L’intérêt du light contact
S’il enseigne différentes disciplines à ses quelque quatre-vingts licenciés, Mohamed Dehimi met l’accent sur le light contact. « J’apprécie particulièrement le light parce que j’ai toujours privilégié la technique à la puissance, souligne-t-il. Je ne veux pas avoir des bœufs sur le tapis, mais des jeunes qui maîtrisent les bases de leur art, avec une belle gestuelle. » Les combattants melunais peuvent d’ailleurs mettre leurs qualités en exergue à l’occasion des compétitions fédérales. « La pratique pieds-poings à beau être d’une grande richesse, avec beaucoup d’influences, des vécus et des histoires différents, j’aime le côté sérieux et protocolaire de la fédération, avoue Mohamed.
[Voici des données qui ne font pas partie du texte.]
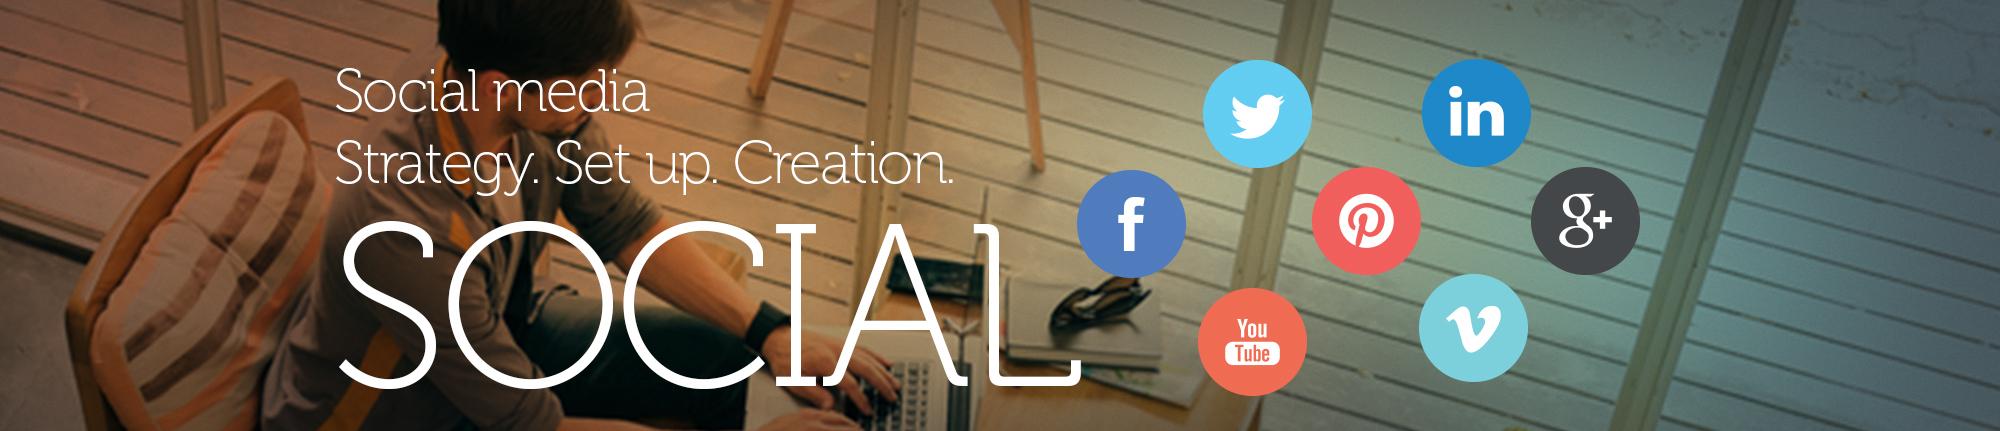 Social-media-w-text.jpg

La manière dont l’entrée sur le tapis est codifiée, le respect hérité de la plus pure tradition des arts martiaux… Le cadre est clairement établi. » À la fin du cours, Chahinesse, Hassan et les autres se saluent avant de rentrer chez eux. Leur entraîneur ferme la porte à clé, tout en continuant de réfléchir à ce qu’il pourrait faire pour aider tel ou tel élève. Car il en est ainsi : « l’école de la deuxième chance » requiert un investissement à plein temps.